2.研究往复式热循环(渐变)多孔介质燃烧系统的燃烧特性与动态特性。详细分析低热值稀薄气体燃烧时,换向半周期,当量比,二次风比工况参数对系统温度分布,污染物排放,及燃烧效率的影响。揭示了系统各点温度、污染物产生过程的周期性动态演变过程;指出系统温度关于中心位置对称分布,呈“M”型,距离火焰位置越近,温度波动幅值越大。指出半周期较小时,系统容易出现“双温度峰值”,随半周期增大,燃烧侧的燃烧温度峰值先增大后降低,最高温度出现在40s左右;随当量比增大,系统温度整体水平升高,燃烧火焰向上游传播;随二次风比增大,燃烧侧的燃烧温度峰值先增大后降低;燃烧火焰向上游传播,温度峰值位置向上游移动。CO浓度基本在100ppm以下,NO浓度小于20ppm,并从定性方面与Hoffmann和Fabinao等人的试验结果进行对比;系统燃烧效率非常高,基本保持在99%左右,验证系统高效清洁燃烧低热值稀薄气体燃料可行性。
3.针对往复式热循环(渐变)多孔介质燃烧系统,建立了往复式热循环多孔介质燃烧系统的一维非稳态“双温度”模型。在分析点火位置对系统燃烧稳定演变过程,以及燃烧稳定时温度分布影响的基础上,并通过相应工况下的试验结果对数值模拟结果进行验证;通过研究往复式热循环多孔介质燃烧系统温度分布特性发现,各换向半周期,燃气热值(当量比),二次风比,以及雷诺数对系统温度分布和燃烧火焰位置的影响规律与试验分析结果规律相吻合,给出系统理论贫燃极限φ=0.125,燃气热值为300KJ/Nm~3;通过分析超焓燃烧特性发现,相对超焓量,随换向半周期增大先逐渐增加后逐渐下降,影响相对较小:随燃气热值增大逐渐迅速降低,呈现出双曲线变化关系,是主要影响因素;随二次风比增加,在α=0.2较高,随后逐渐降低,影响相对较小;燃烧效率与试验结果相吻合,验证了模型有效性和准确性,对系统的优化设计和性能提高具有重要的指导意义。

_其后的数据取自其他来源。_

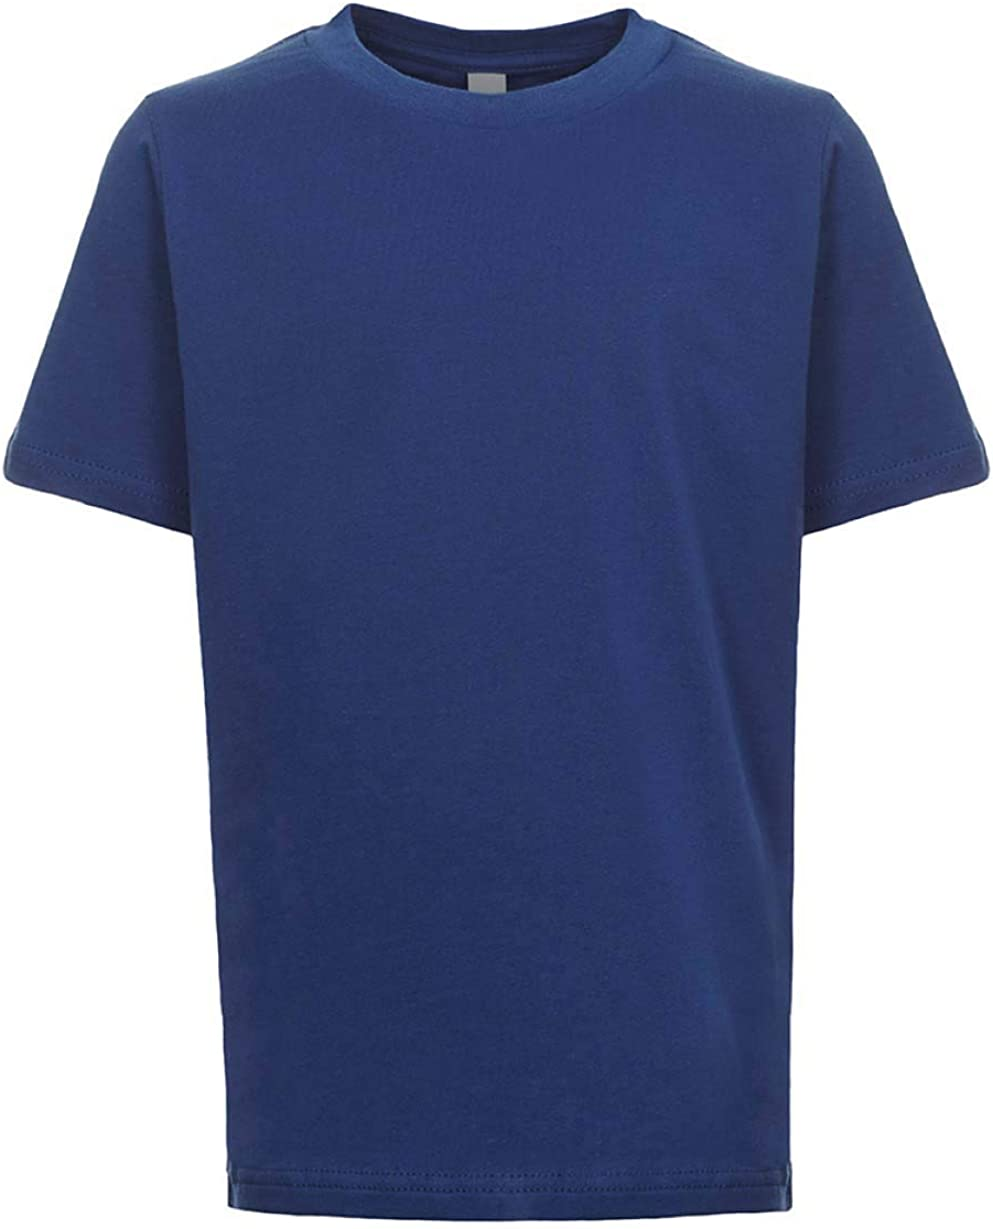 Next Level Kids Crew Neck T-Shirt Royal Blue XL

4.研究空隙率分段分布,渐变分布,及空隙率渐变分布下半周期,无量纲热值,雷诺数等工况参数对传统往复多孔介质燃烧器温度分布与“超焓燃烧”特性的影响。在前面研究基础上,建立非稳态气固“双温度”模型,采用无量纲形式,首次分析了点火燃烧稳定演变过程,及周期间动态变化特性,并与热循环燃烧系统动态变化特性进行对照,揭示了周期性换向燃烧的动态演变过程。指出在燃烧区有热损失时,燃烧器内的温度分布随着各工况参数的变化基本上都是由倒“V型”向“M型”演变;无热量损失时,温度分布由倒“V型”向“梯形”演变,燃烧区域相应的逐渐拓宽;指出空隙率渐变分布时,贫燃极限可拓宽到当量比为0.125(H_0=0.8),无热量损失时为0.02(H_0=0.12):分析了各工况参数对往复多孔介质燃烧器的相对超焓量,燃烧效率,及燃烧火焰位置等“超焓燃烧”特性的影响,指出“超焓燃烧”受燃气热值(当量比)影响最大,随热值增大(当量比)逐渐降低,存在两个燃烧火焰区,燃烧效率非常高,保持在99%左右。
论文研究工作表明,利用新型往复式热循环(渐变)多孔介质燃烧系统实现低热值稀薄气体燃料高效清洁利用完全可行;在现有试验条件下可实现φ=0.2预混燃气的稳定燃烧,对应燃气热值为620KJ/Nm~3,数值模拟确定理论贫燃极限φ=0.125,燃气热值为300KJ/Nm~3;燃烧器内采用空隙率分段分布、渐变分布时的燃烧特性优于均匀分布,贫燃极限进一步拓宽。研究结果对进一步研究往复式流动下多孔介质燃烧技术提供重要理论依据。

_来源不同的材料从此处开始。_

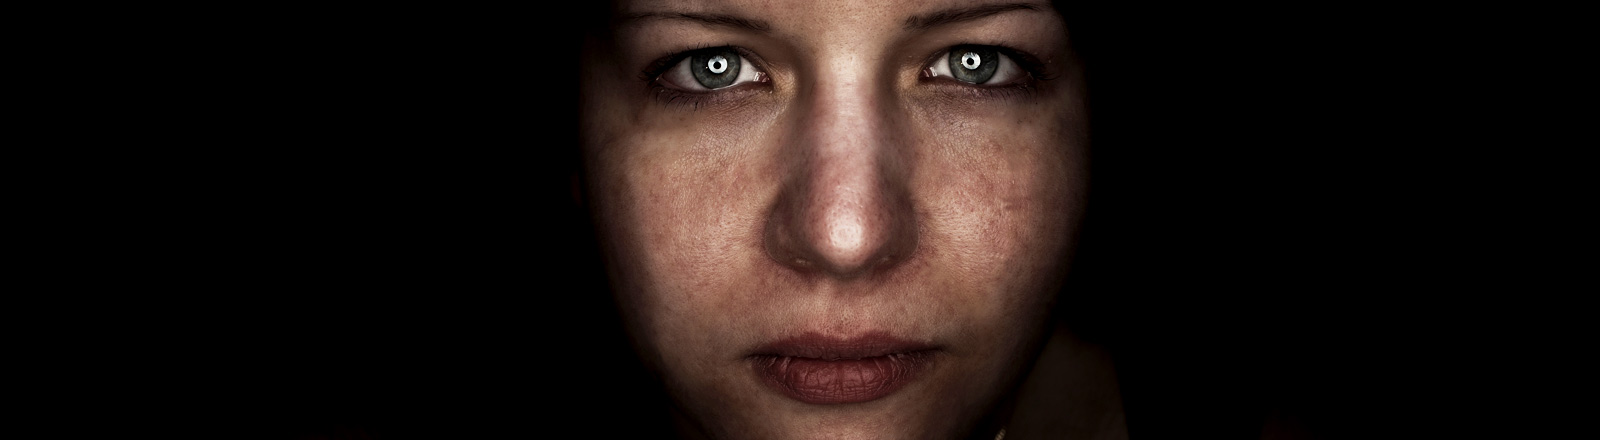 Eine Frau mit traurigem, starkem Blick

With increasing of the energy consumption and environmental protection, it is significantly important to make the utilization of fuel gases effectively and cleanly, especially for the low heat valve fuel gases. With the support of the National High-tech Research and Development Program (863, 2006AA05Z223) and the Natural Science Foundation of Zhejiang Province (Y506071), based on the principle of porous media combustion, a systematic research on a novel reciprocal porous media combustion system with heat recirculation (RPMCSHR) was investigated by the methods of experiment and numerical simulation for the combustion of low heat value fuel gases effectively and cleanly.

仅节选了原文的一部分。